Without any pictures, retype exactly the lines that begin at the one holding "Get Rid of Rasberry" and end at the last line of the data below.

--- Given information ---

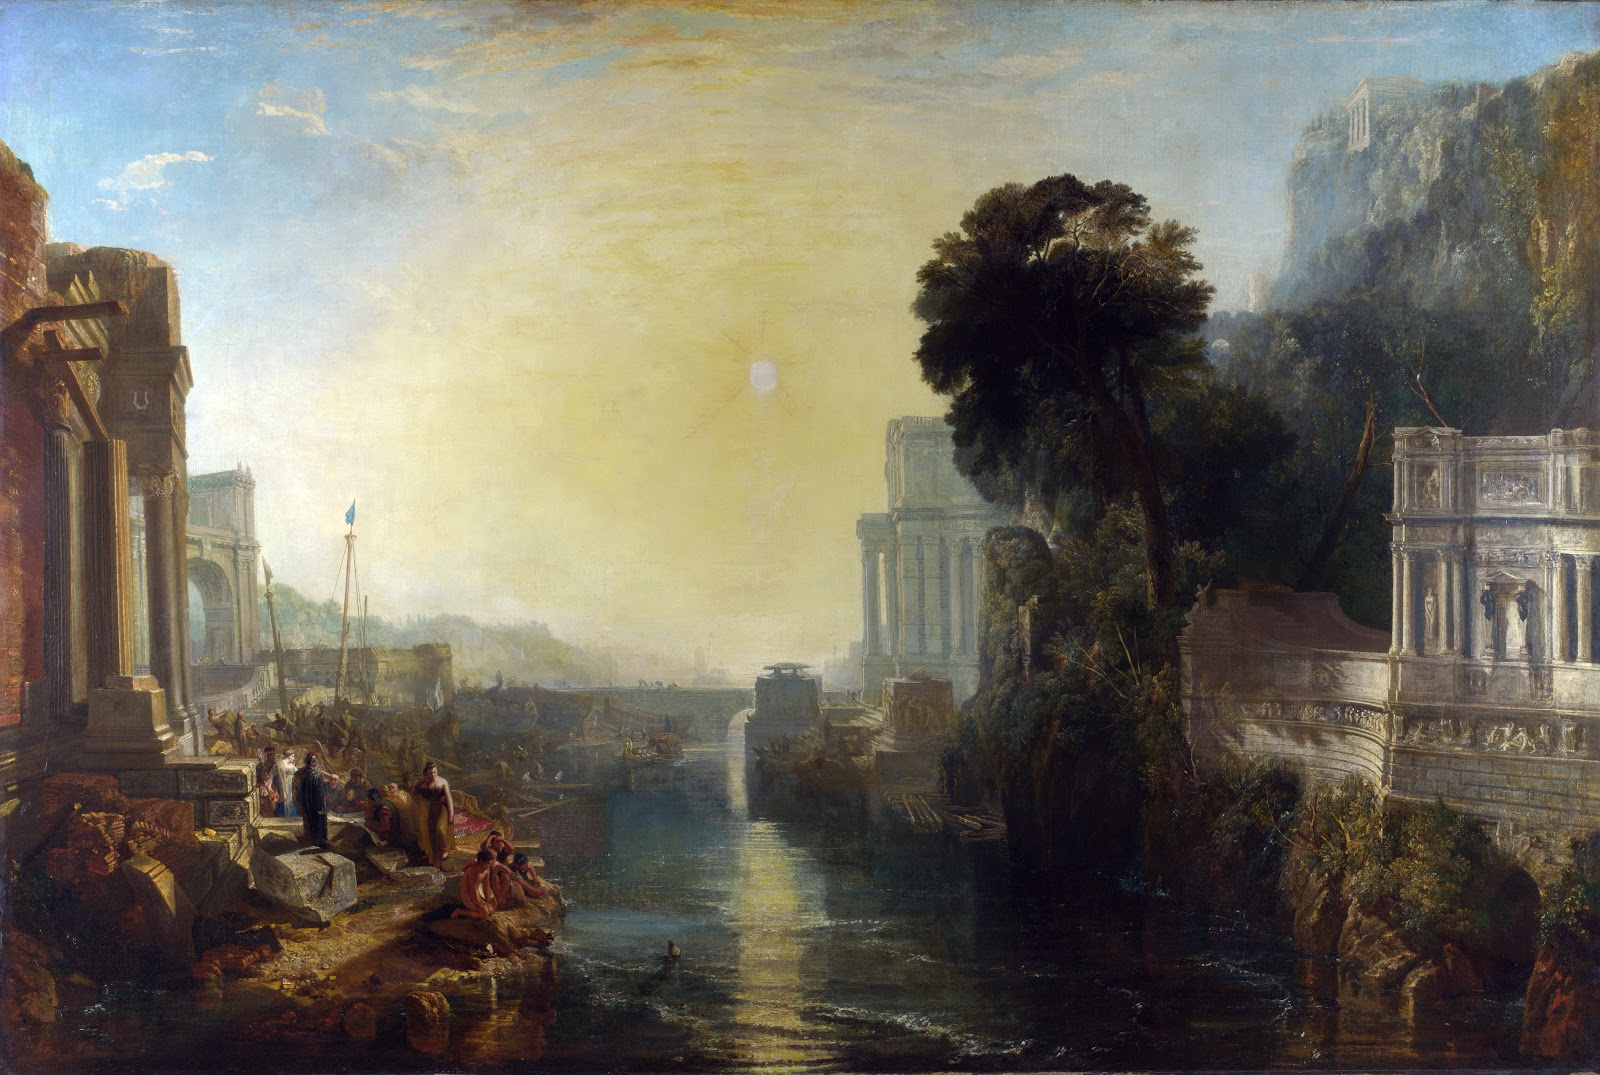 William+Turner-1775-1851 (10).jpg
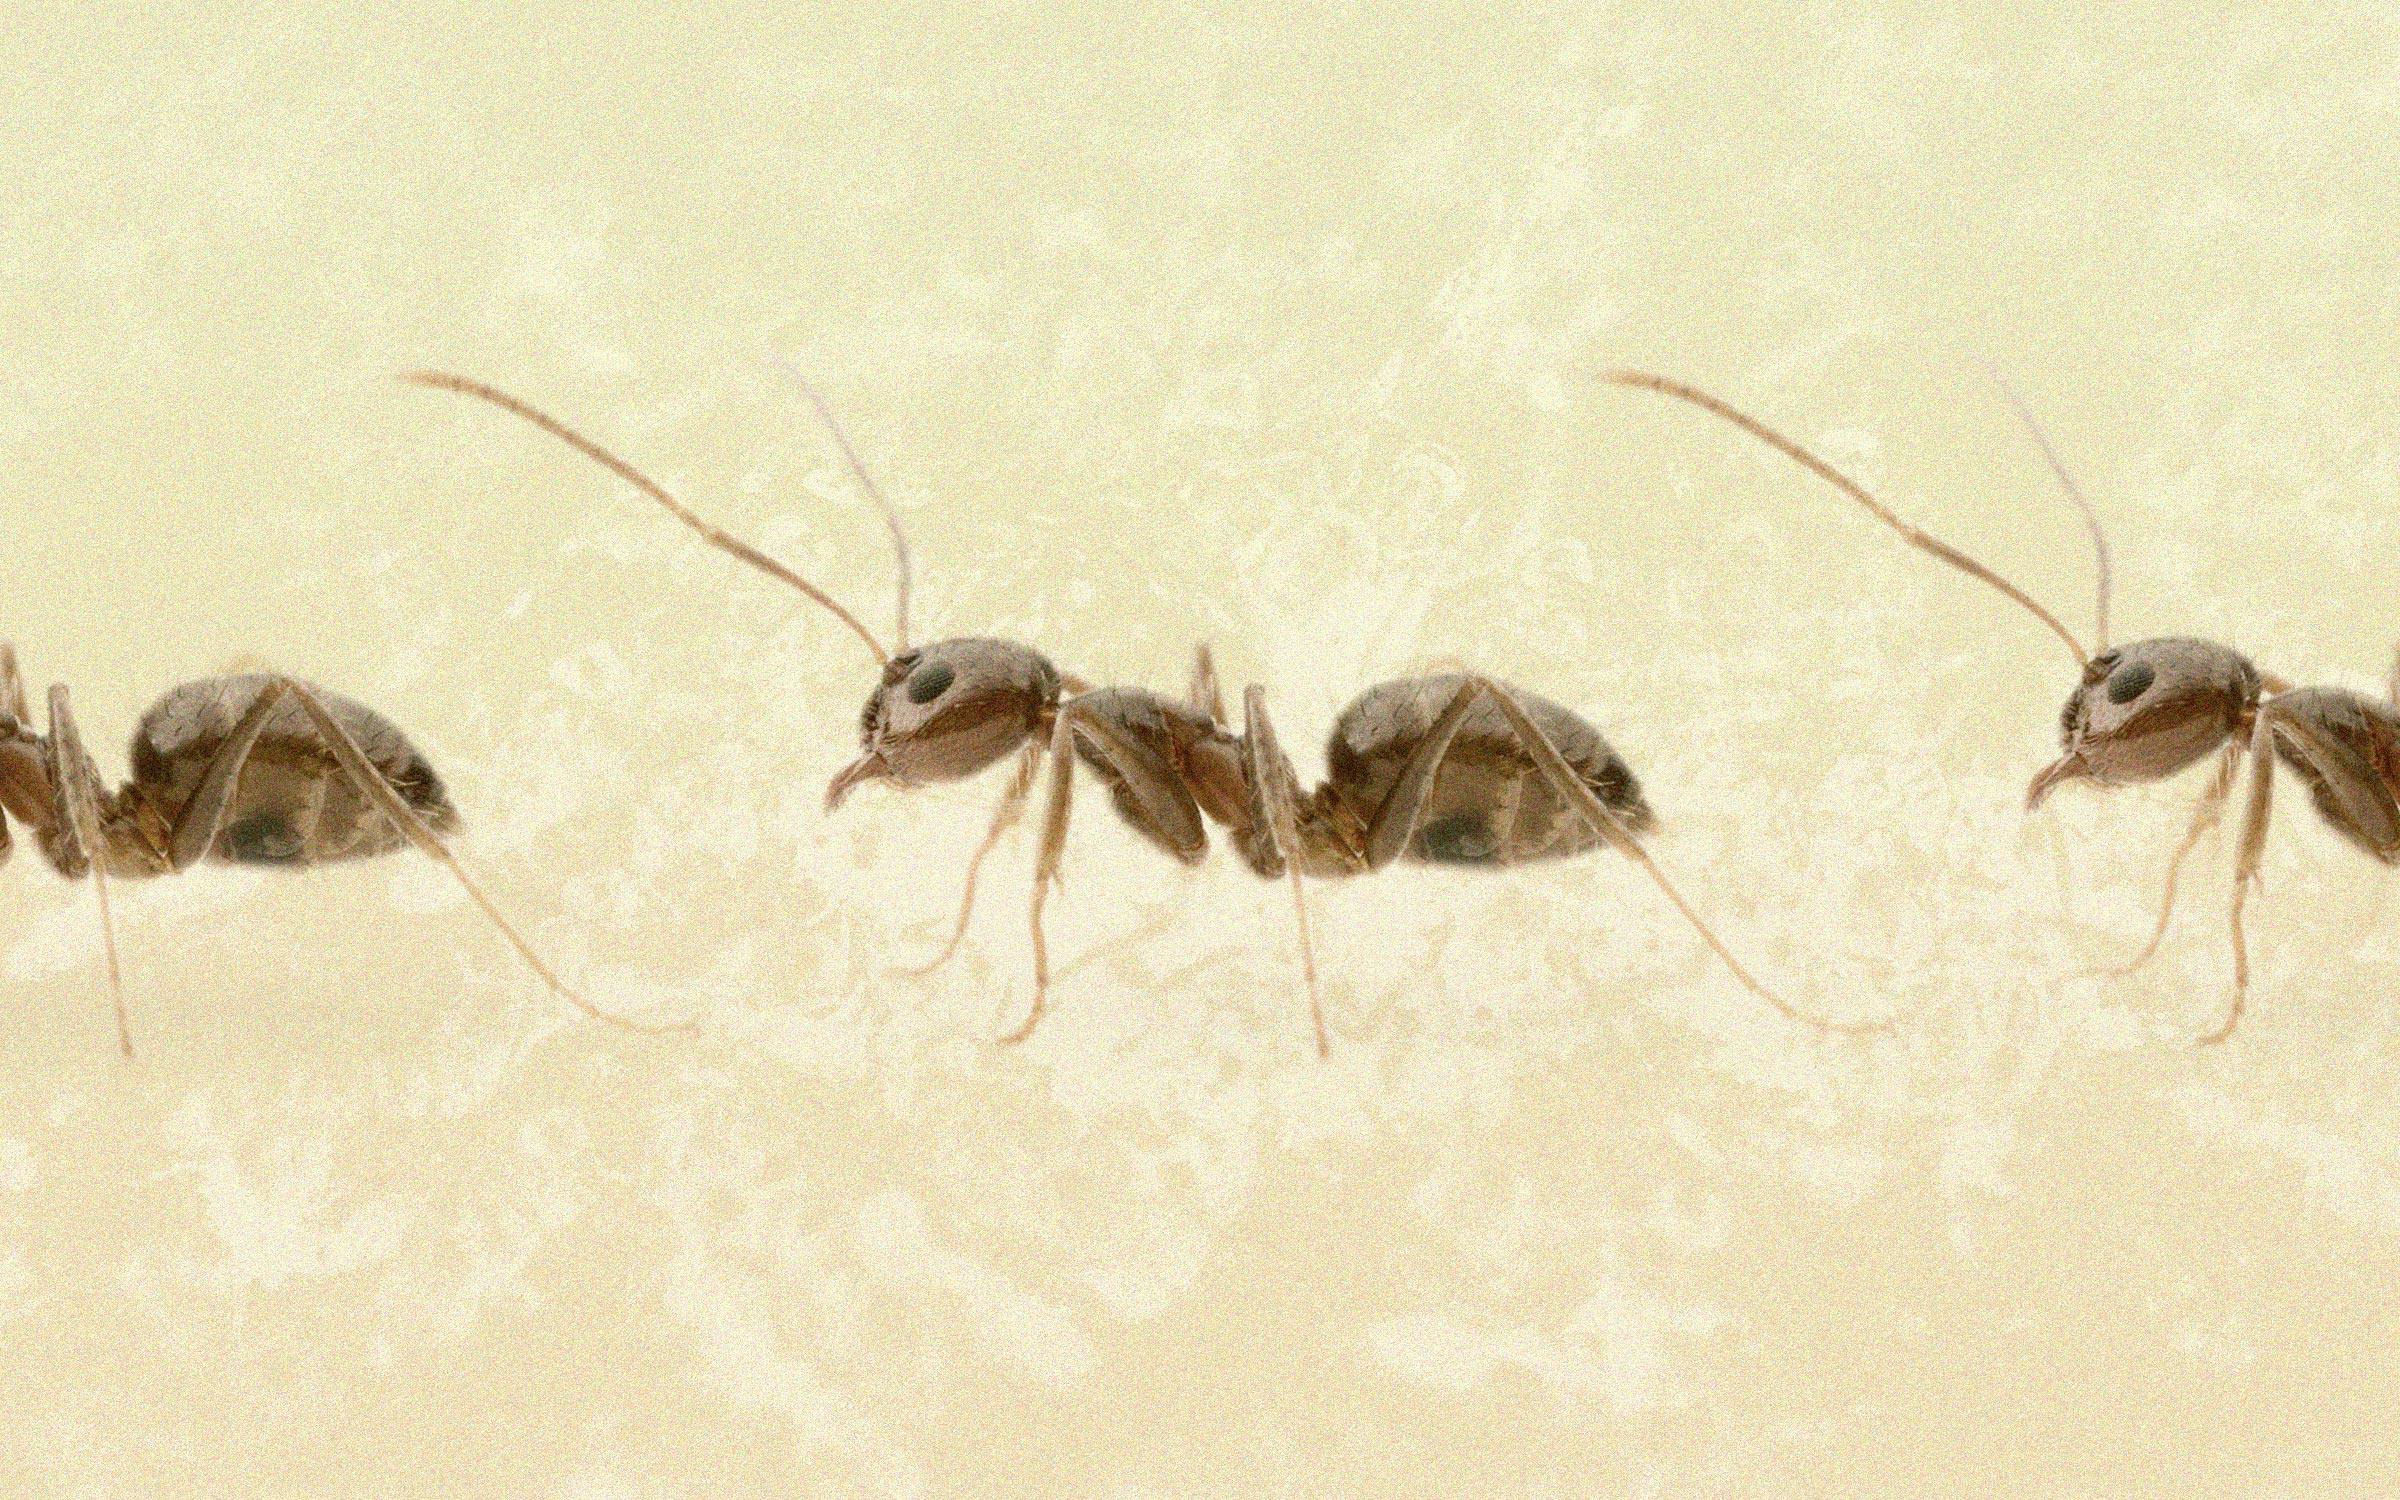 Get Rid of Rasberry Crazy Ants: Tawny Crazy Ant Control
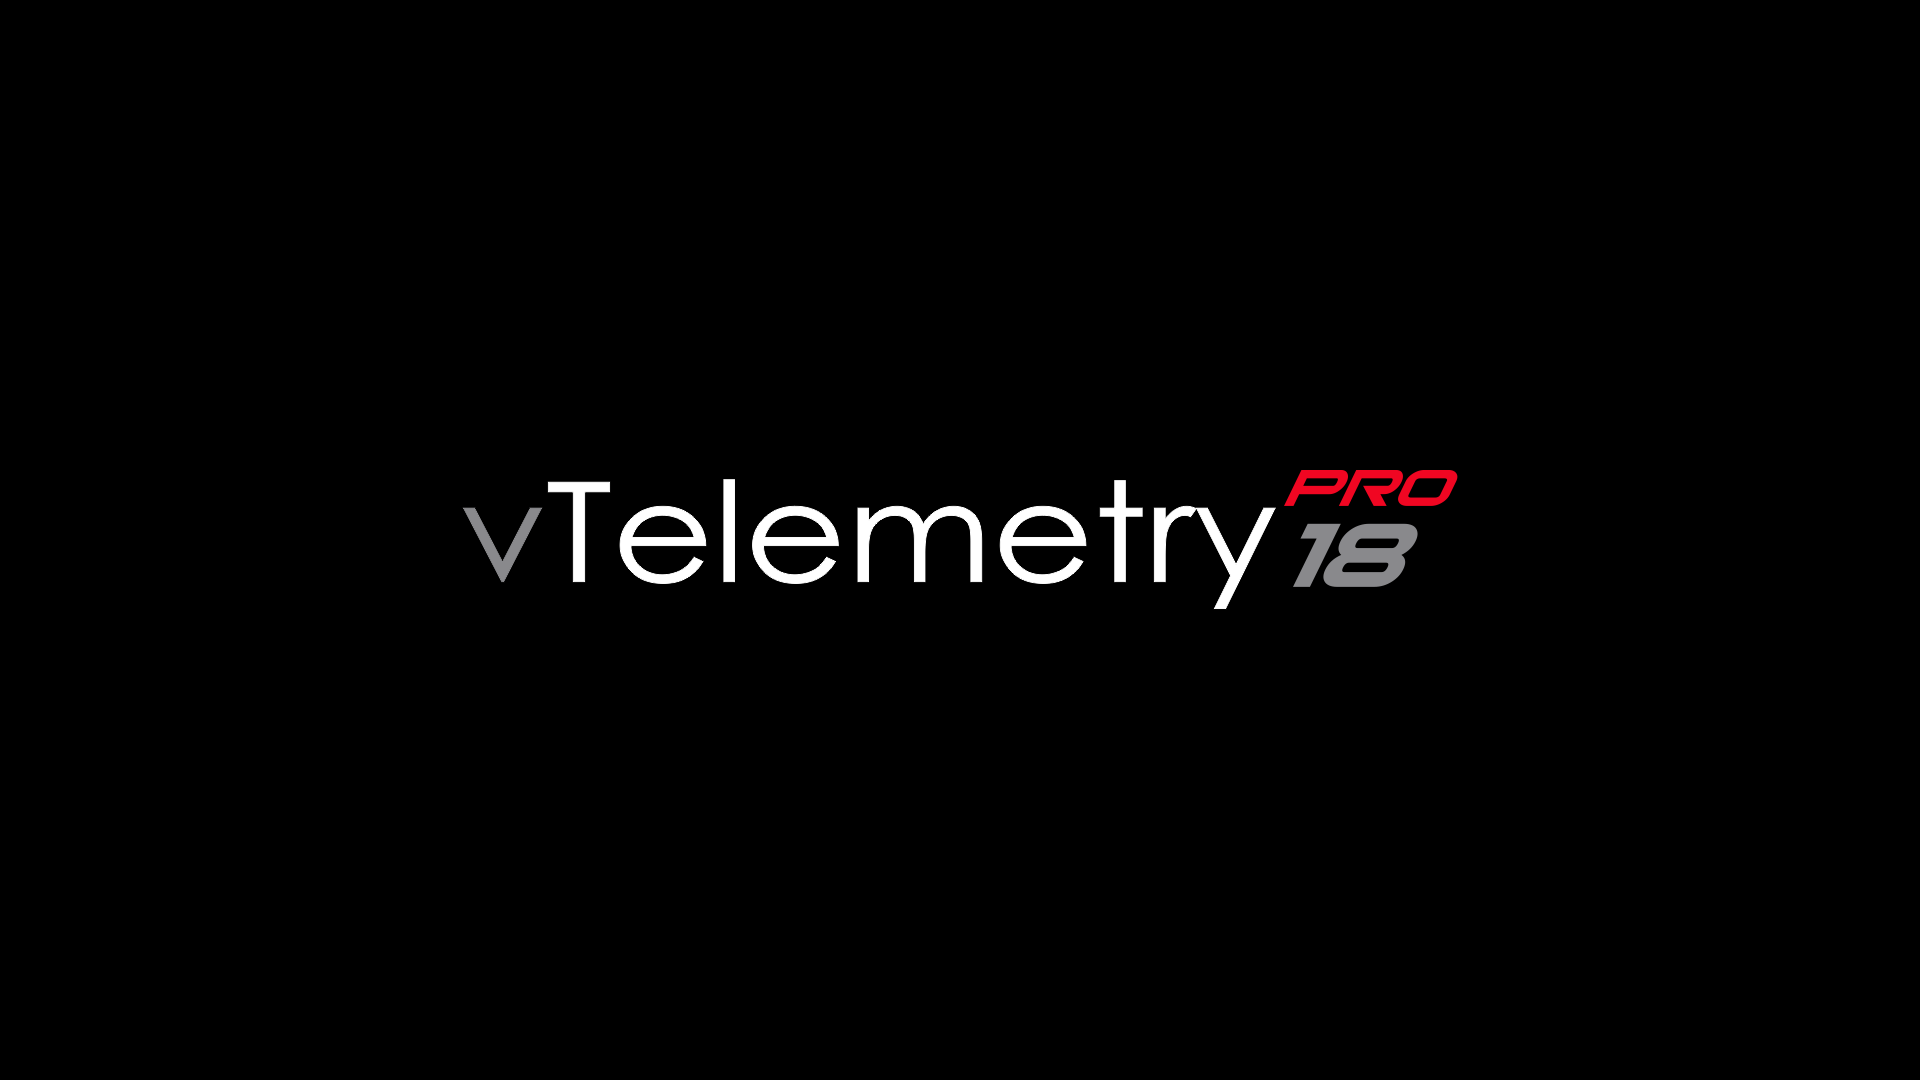 More information about "Recensione DrivingItalia: vTelemetry Pro 2018 by Renovatio Development"

---

■ Solution for this problem ■
 Get Rid of Rasberry Crazy Ants: Tawny Crazy Ant Control
 More information about "Recensione DrivingItalia: vTelemetry Pro 2018 by Renovatio Development"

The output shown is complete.